Dari masa mudanya di Lecce sampai momen angkat trofi bersama Napoli, rambut Conte selalu punya cerita.

oleh Gia Yuda PradanaDiperbarui 04 Agustus 2025, 10:14 WIB
Pelatih Napoli, Antonio Conte, mencium trofi Serie A saat selebrasi juara Liga Italia musim 2024/2025 di Stadion Diego Armando Maradona, Sabtu (24/5/2025). (AP Photo/Gregorio Borgia)

Liputan6.com, Jakarta Antonio Conte dikenal sebagai sosok yang penuh semangat di pinggir lapangan, tapi ada satu hal lain yang tak kalah menyita perhatian, yakni rambutnya. Perjalanan karier sang pelatih ternyata seiring sejalan dengan perjalanan rambut yang penuh lika-liku. Dari masa mudanya di Lecce sampai momen angkat trofi bersama Napoli, rambut Conte selalu punya cerita.

Awal kariernya dipenuhi dengan rambut tebal nan rapi, bak bintang film Italia era 80-an. Namun, seiring waktu, garis rambut mulai mundur dan Conte pun bereksperimen dengan berbagai gaya – dari botak plontos sampai comb over. Puncaknya, dia tampil percaya diri dengan rambut tebal yang mengundang tanya: transplant atau keajaiban?

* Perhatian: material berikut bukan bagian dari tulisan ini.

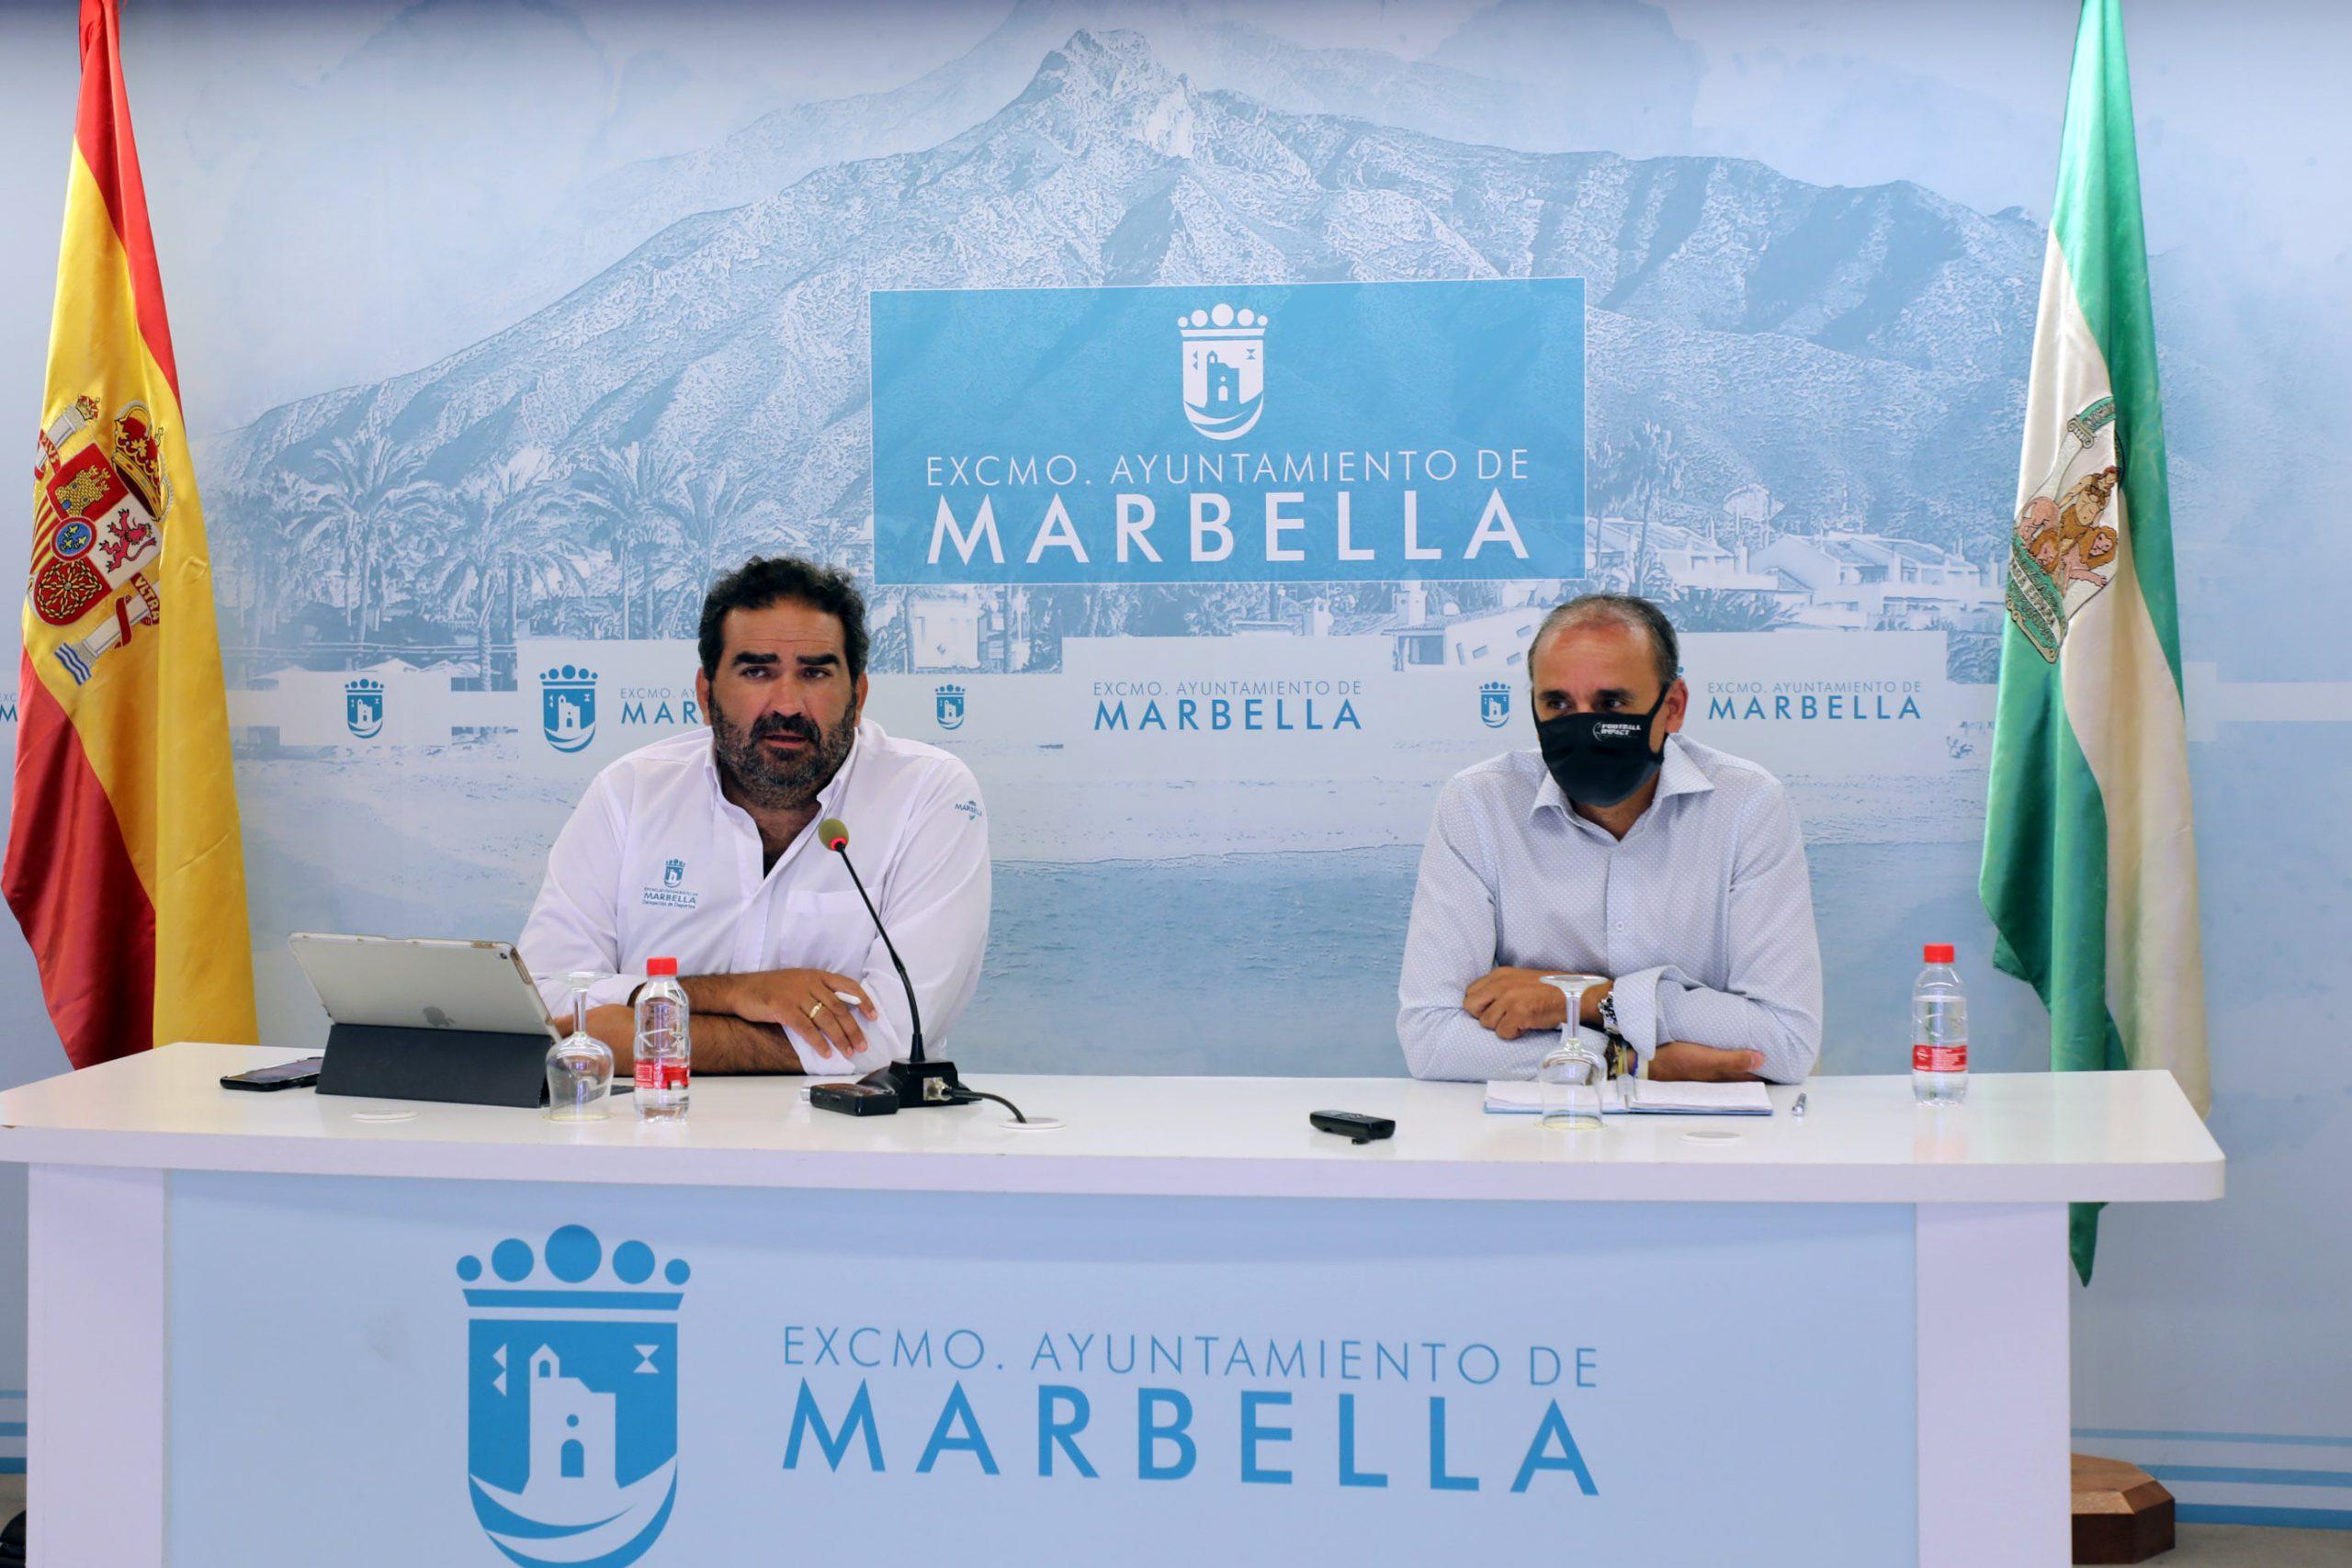 Gran repercusión publicitaria de los playoff de ascenso a Segunda División celebrados en Marbella

Kisah rambut ini bukan sekadar penampilan, melainkan juga simbol transformasi pribadi dan profesional Conte. Dari pemain muda penuh harapan, pelatih yang keras kepala, hingga ikon sukses Napoli, rambutnya seolah mencerminkan semua bab dalam hidupnya.


Awal Gemilang: Rambut Tebal di Lecce

Pada tahun 1988, Conte memulai karier bersama Lecce dengan tampilan yang mencolok. Rambutnya tebal, hitam, dan tersisir rapi – cocok untuk cover majalah olahraga. Tak ada tanda-tanda kerontokan, hanya semangat muda yang menyala.

Namun, lima tahun berselang, tepatnya 1993, sebuah titik botak mulai tampak. Conte meresponsnya dengan gaya baru, mencukur habis rambut, seolah menyamarkan kerontokan dan menunjukkan ketegasan.


Eksperimen Gaya di Juventus

Di Piala Dunia 1994, Conte tampil dengan rambut agak panjang di samping, tapi tipis di bagian depan. Kilau kulit kepala mulai tampak, tapi dia tetap percaya diri sebagai wakil Italia. Setelah itu, pada 1996, ia bereksperimen lagi dengan rambut panjang berwarna warna pirang, mencoba mengalihkan perhatian dari garis rambut yang menipis.

Lanjut Baca:

Tahun 1999, setelah mencetak gol ke gawang Manchester United, rambut Conte terlihat 'flapping' – lebih tebal di belakang, tipis di atas. Banyak yang bertanya, apakah ini hasil transplantasi atau sekadar styling cerdas?